7500 is a lot power. Actually, your heat pump may have accounted for less than you think. Your A/C uses more than one wolud think. I have 2 A/C units and when both run, they pull a ton of power. In September, when I use minimal A/C and a lot of heat pump, my bill goes down by almost $150.
 
Snook,

If you live in the North East - that large increase in your bill is probably - most definitely - Air Conditioning.

Our last Hydro Bill shows that we used 2868 KWh between June 27-Aug 26th. (60 days) so 1434 per month.

Our typical bill is around 1,800 for 2 months .... (900/month)

Our pool was installed the 1st 2 weeks of August, and we started the pump on Aug 12.
So that means we ran our 1 HP pump 24/7 between Aug 12 and Aug 28th.

When I realized that we didn't need the pump running constantly I started to run it 10 hrs/day.

Our increase on our last Hydro Bill was due mainly to the temperatures in July and August since we needed air conditioning going constantly.

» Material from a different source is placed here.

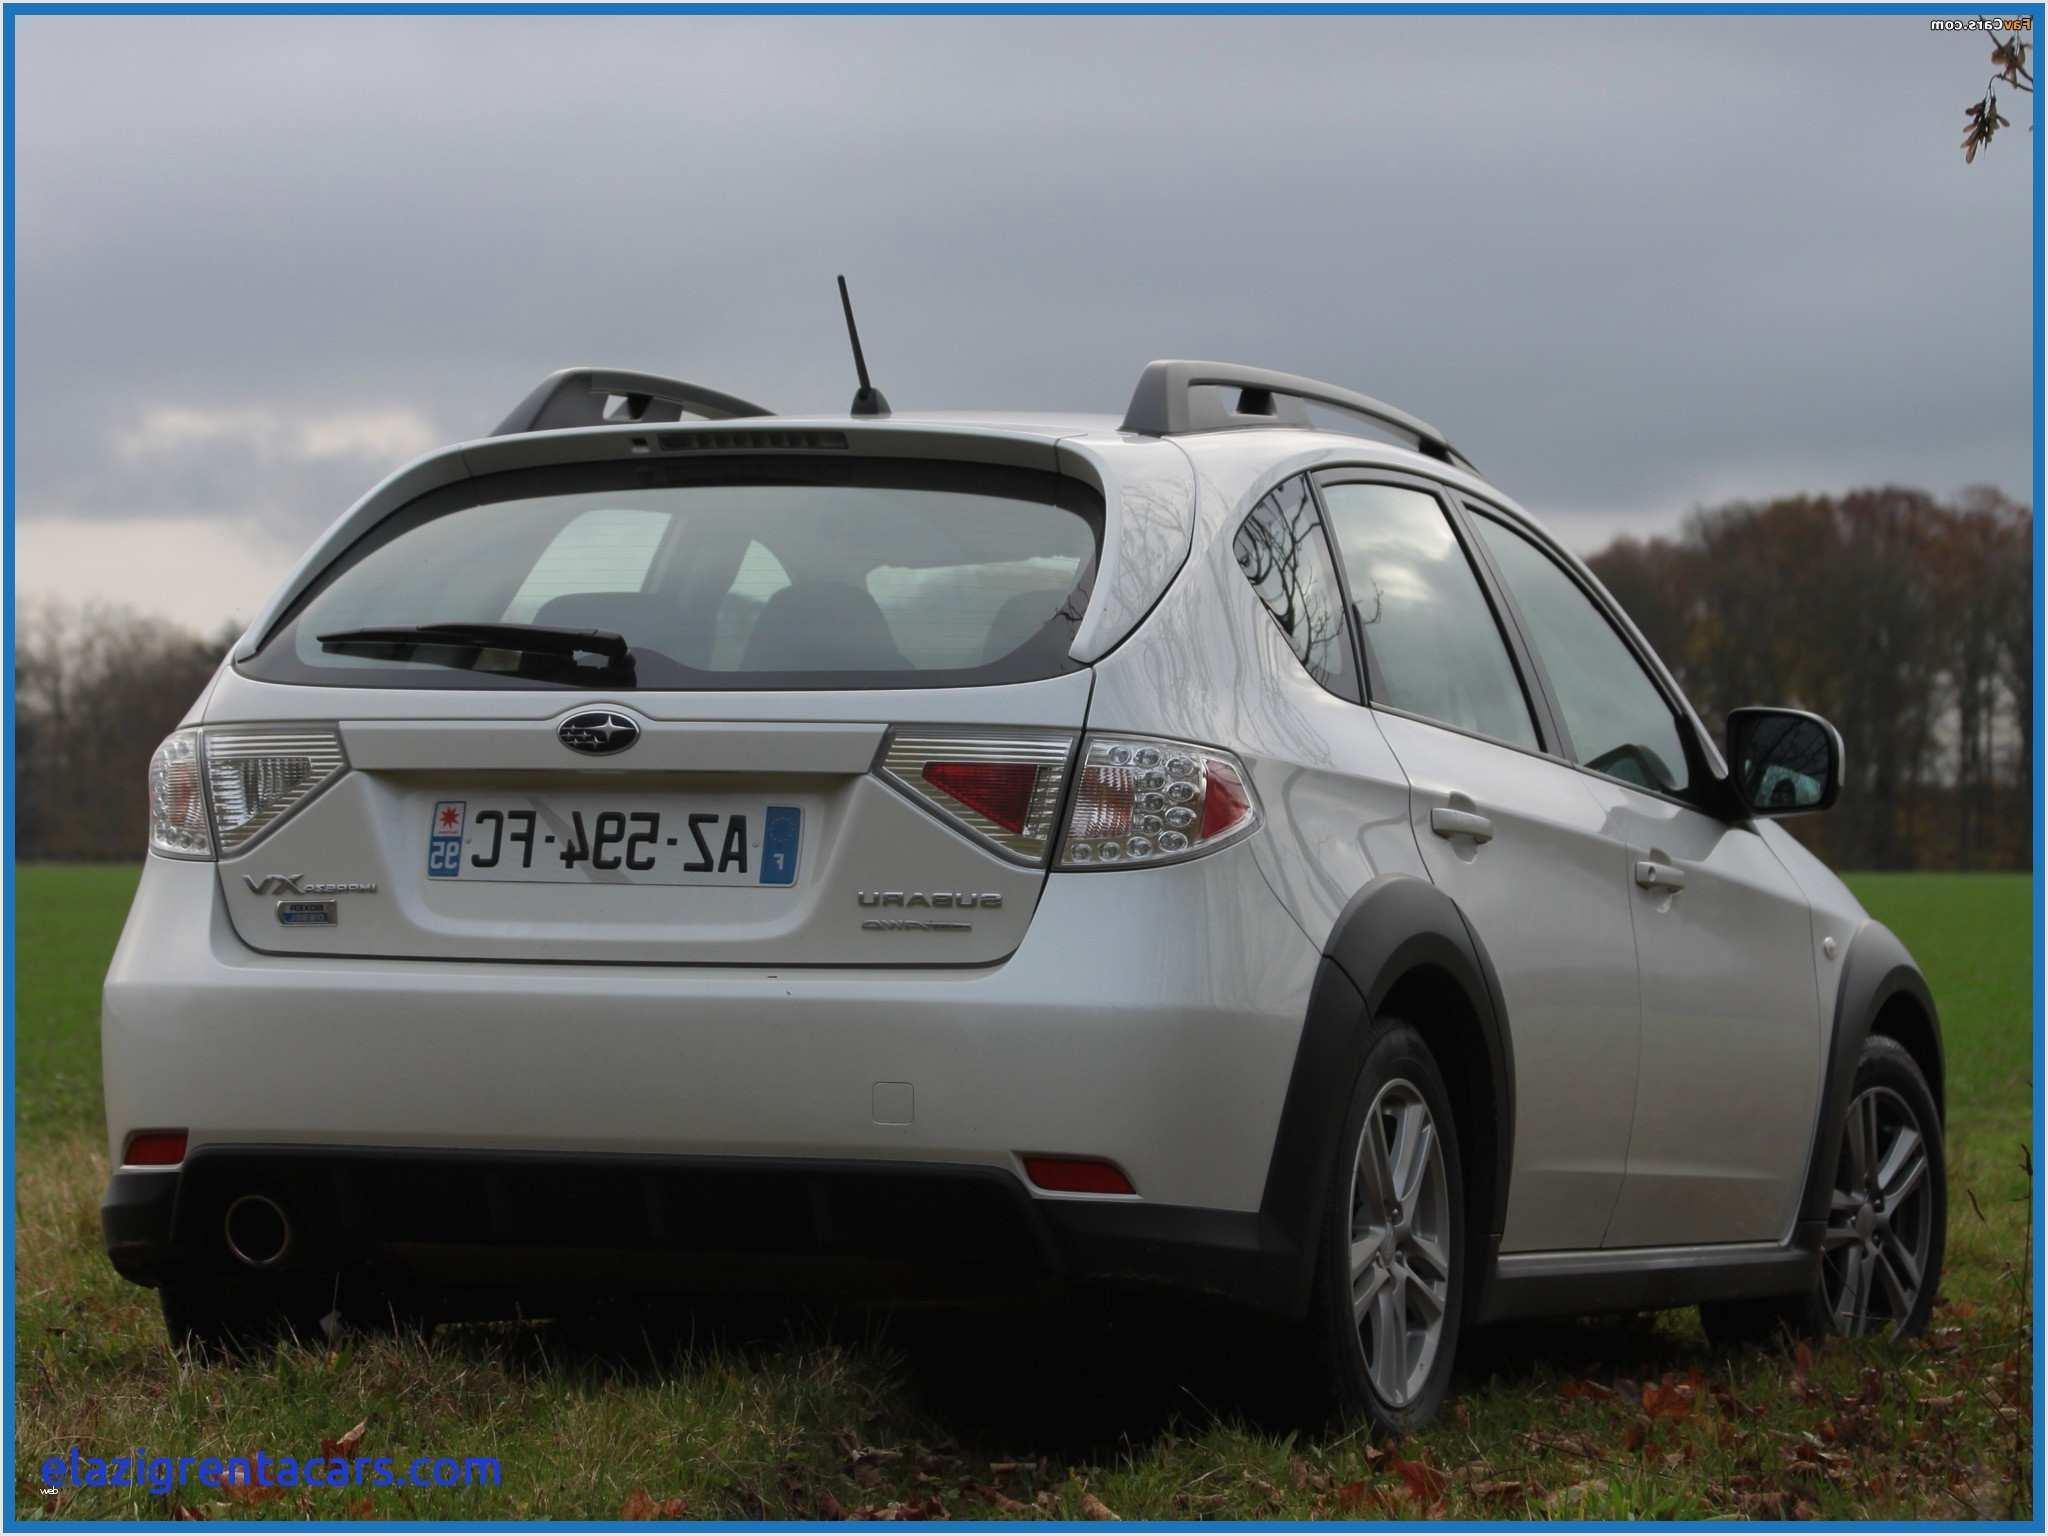 51 New The Subaru Sti Wagon 2019 Specs And Review Pricing by The Subaru Sti Wagon 2019 Specs And Review

Go easy on your wife. I'm pretty sure it wasn't the Heat Pump.
 
hayfarmer said:
I have a heat pump for our pool and we keep it very warm, like in the high 80's and the low 90's. Our house is 2800sq ft and my wife keeps it a 71 or 72. We used 7500 kw last month. So yes its very possible to use what you did... That 7500 kw was $ 276.00... I didn't think it was to bad actually..

Hayfarmer- where do you live? We pay 11.7cents per Kwh here in Las Vegas.(Hoover Dam resource NO help) Your power is CHEAP! My fill would be over $877 plus fees tax ect. for that much power :shock:
 
civicturbo said:
Hayfarmer- where do you live? We pay 11.7cents per Kwh here in Las Vegas.(Hoover Dam resource NO help) Your power is CHEAP! My fill would be over $877 plus fees tax ect. for that much power :shock:

His sig says eastern Washington State - my guess is Bonneville Power, federally managed hydro-electric power plants make it the cheapest place for electricity in the US (as far as I know). Alcoa Aluminum used to be up there because the electric was so cheap (AL is very electric intensive). When I moved away from Beaverton Oregon in 1983 I nearly had a heart attack when my first electric bill came due.